_DATASET EXCERPT_
---*---

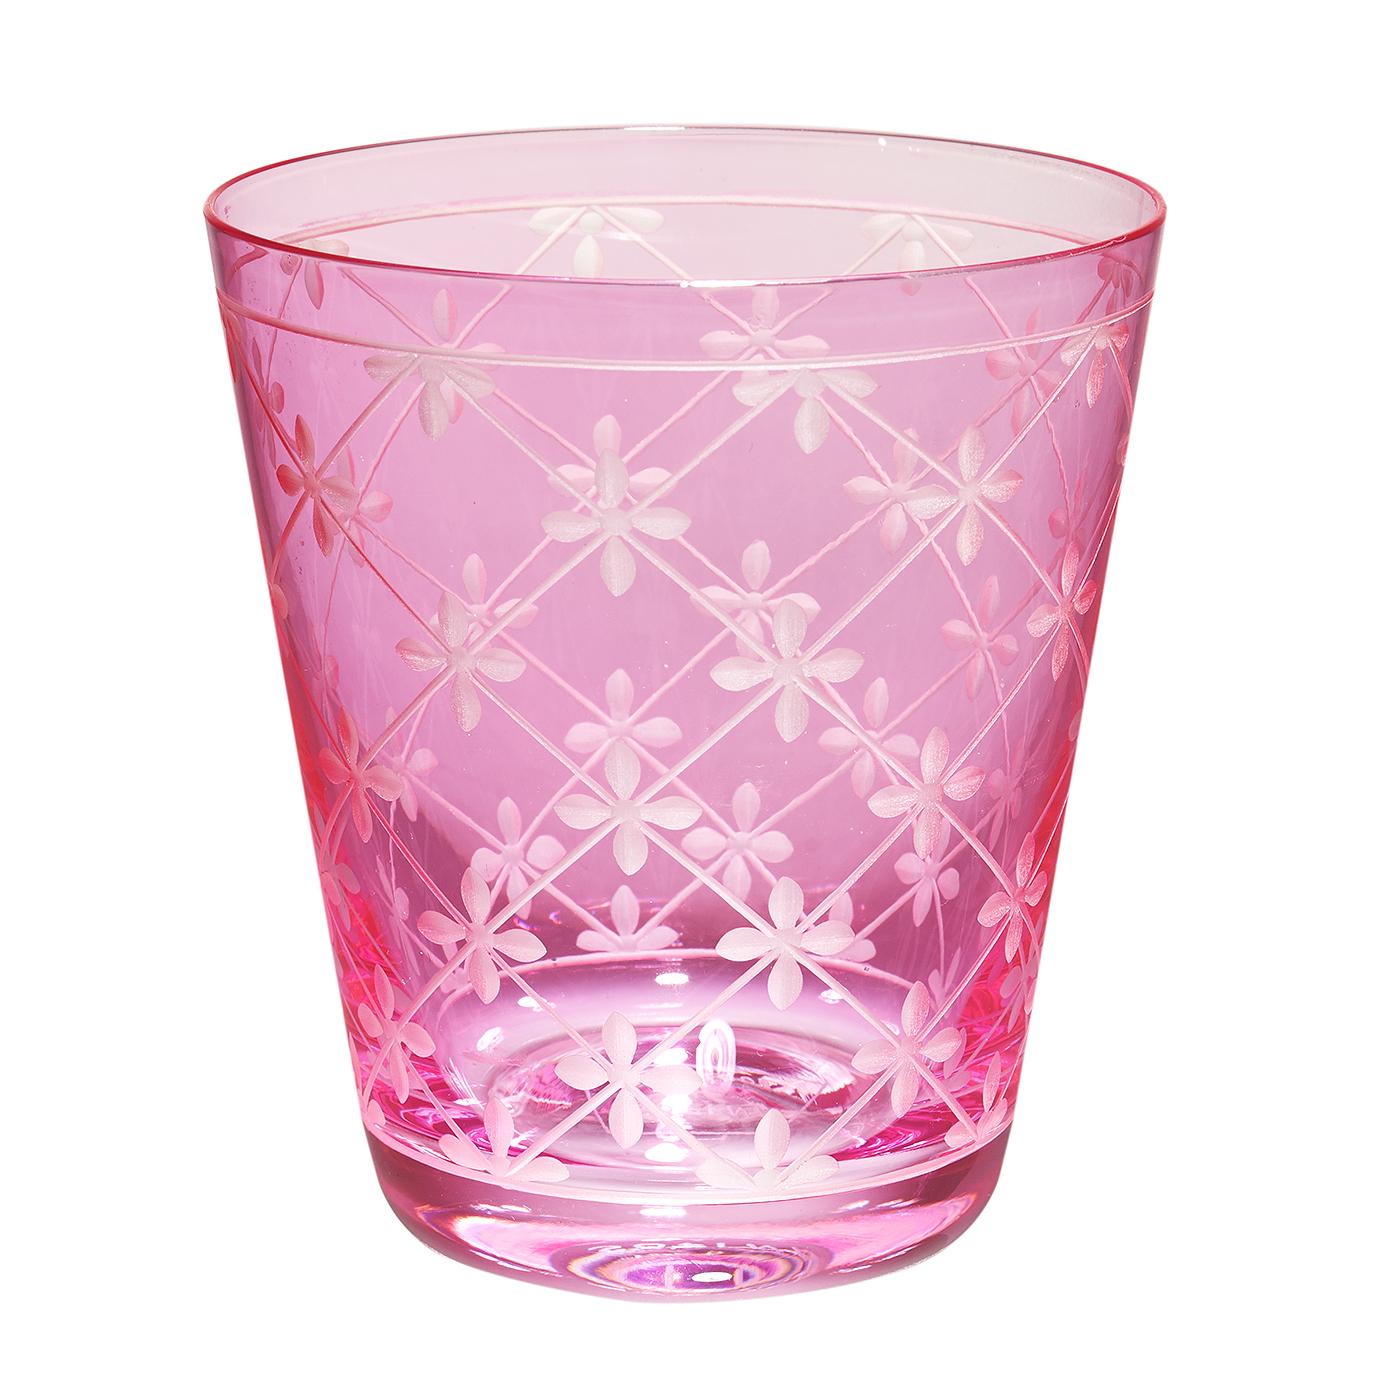 Set of four tumbler hand blown crystal. The glasses are hand-engraved with a modern decor all around. The glasses come in six charming colors yellow, turquoise, blue, rose, green and purple. The set can be ordered in different colors or all six in
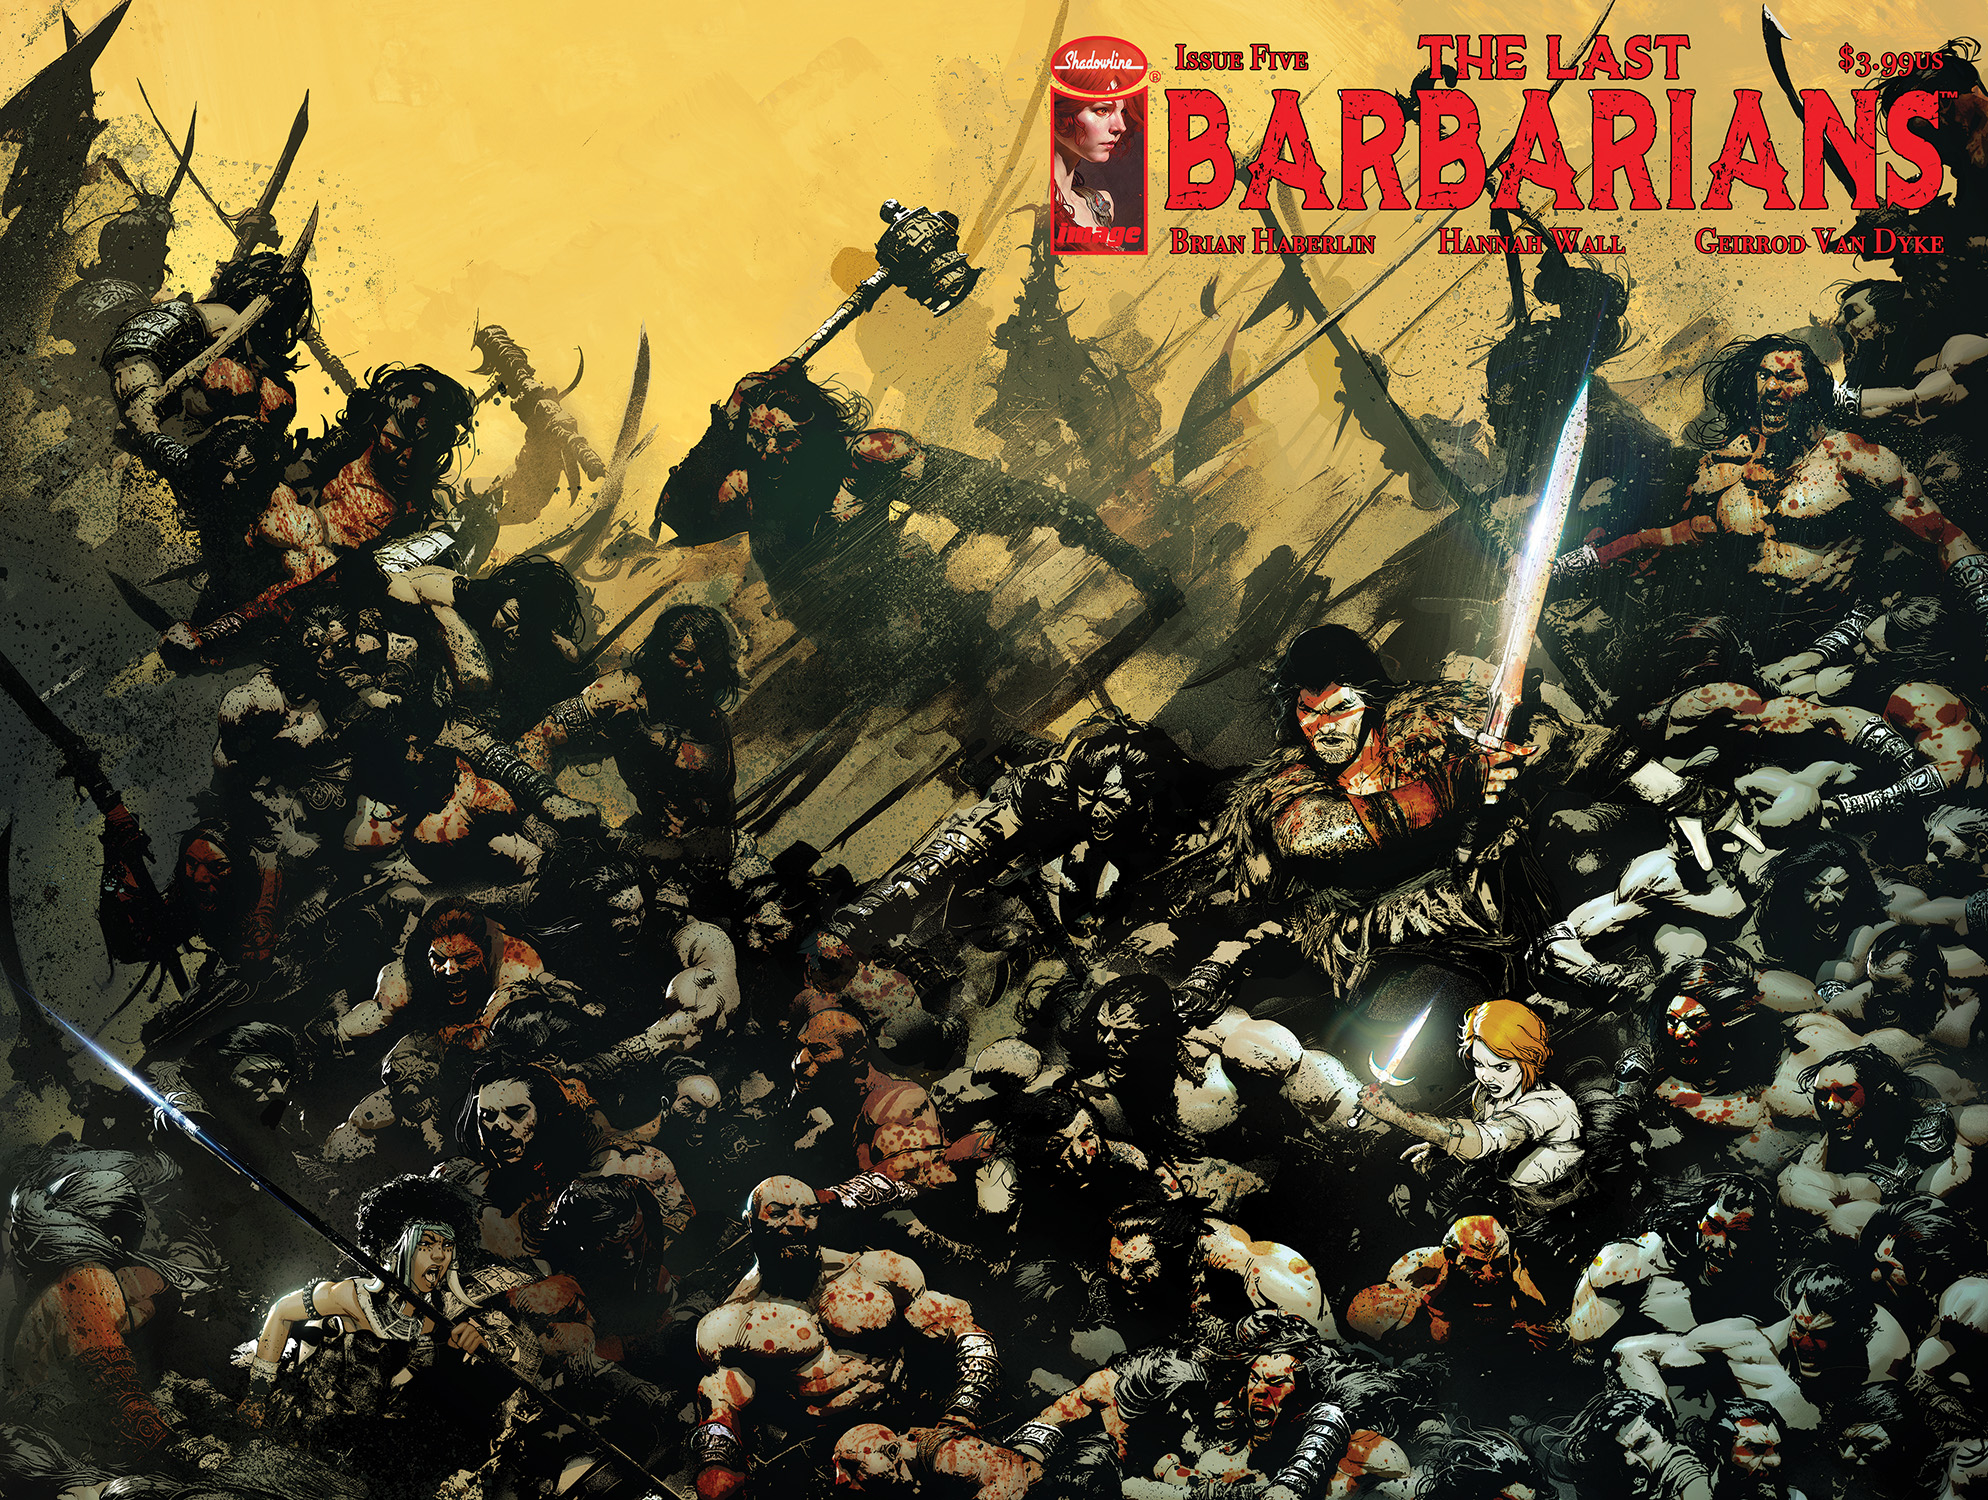 Last Barbarians #5 Cover C Haberlin (Of 5)
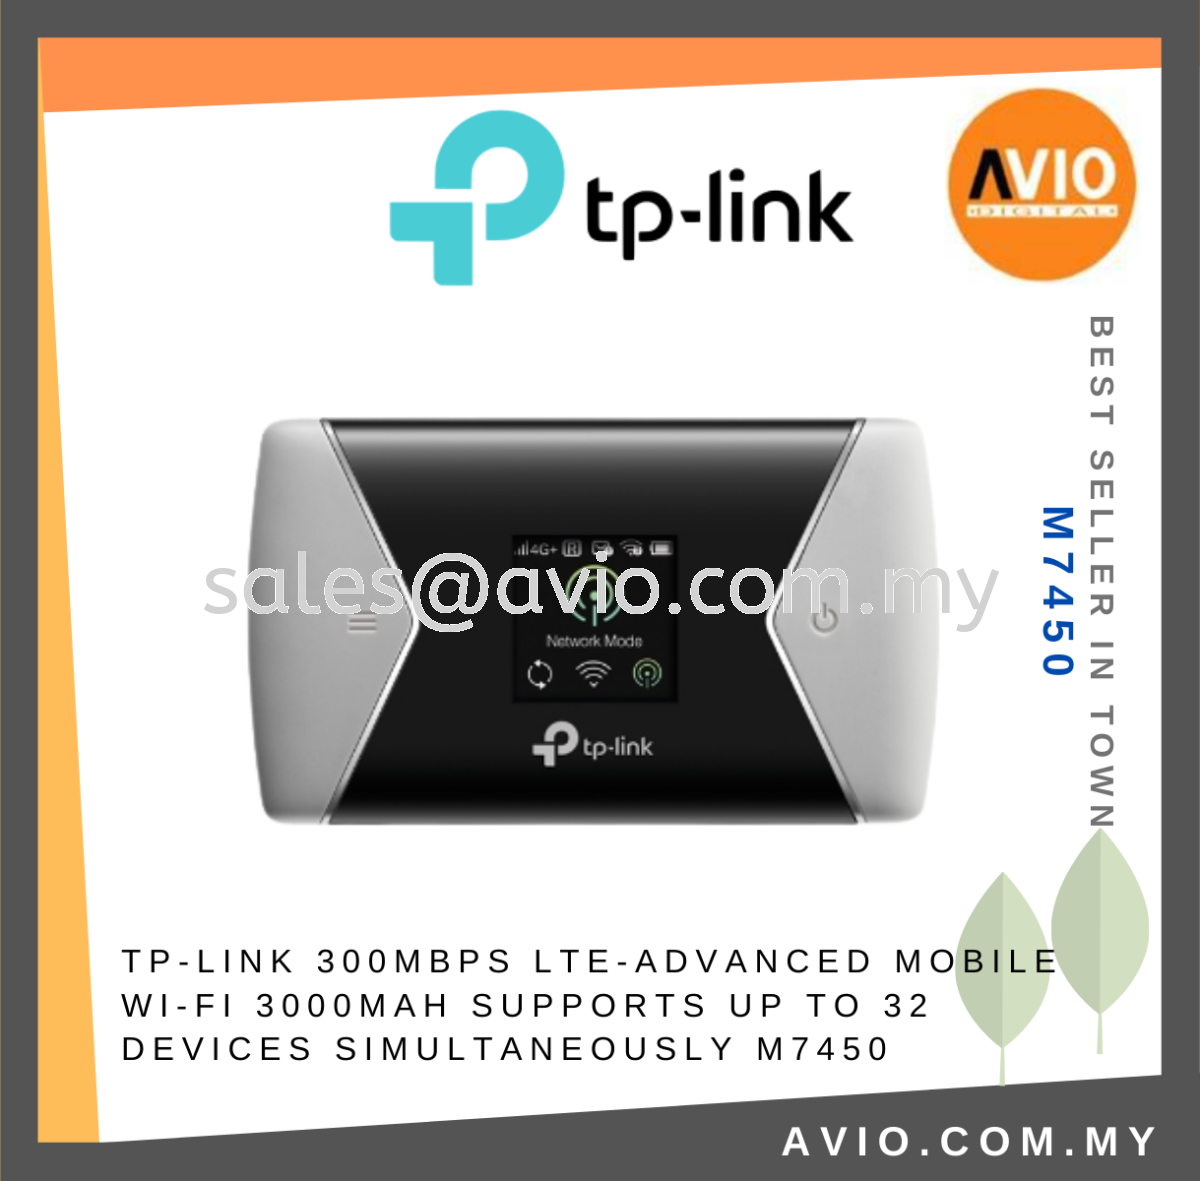 TP-LINK Tplink M7450 Dual Band 300Mbps LTE Advanced Mobile Wifi 3000mAH  Support 32 Device Micro

---*---

Please ensure that the data above is repeated exactly, with no pictures in the copy.

 Set of four tumbler hand blown crystal. The glasses are hand-engraved with a modern decor all around. The glasses come in six charming colors yellow, turquoise, blue, rose, green and purple. The set can be ordered in different colors or all six in
 Last Barbarians #5 Cover C Haberlin (Of 5)
 TP-LINK Tplink M7450 Dual Band 300Mbps LTE Advanced Mobile Wifi 3000mAH  Support 32 Device Micro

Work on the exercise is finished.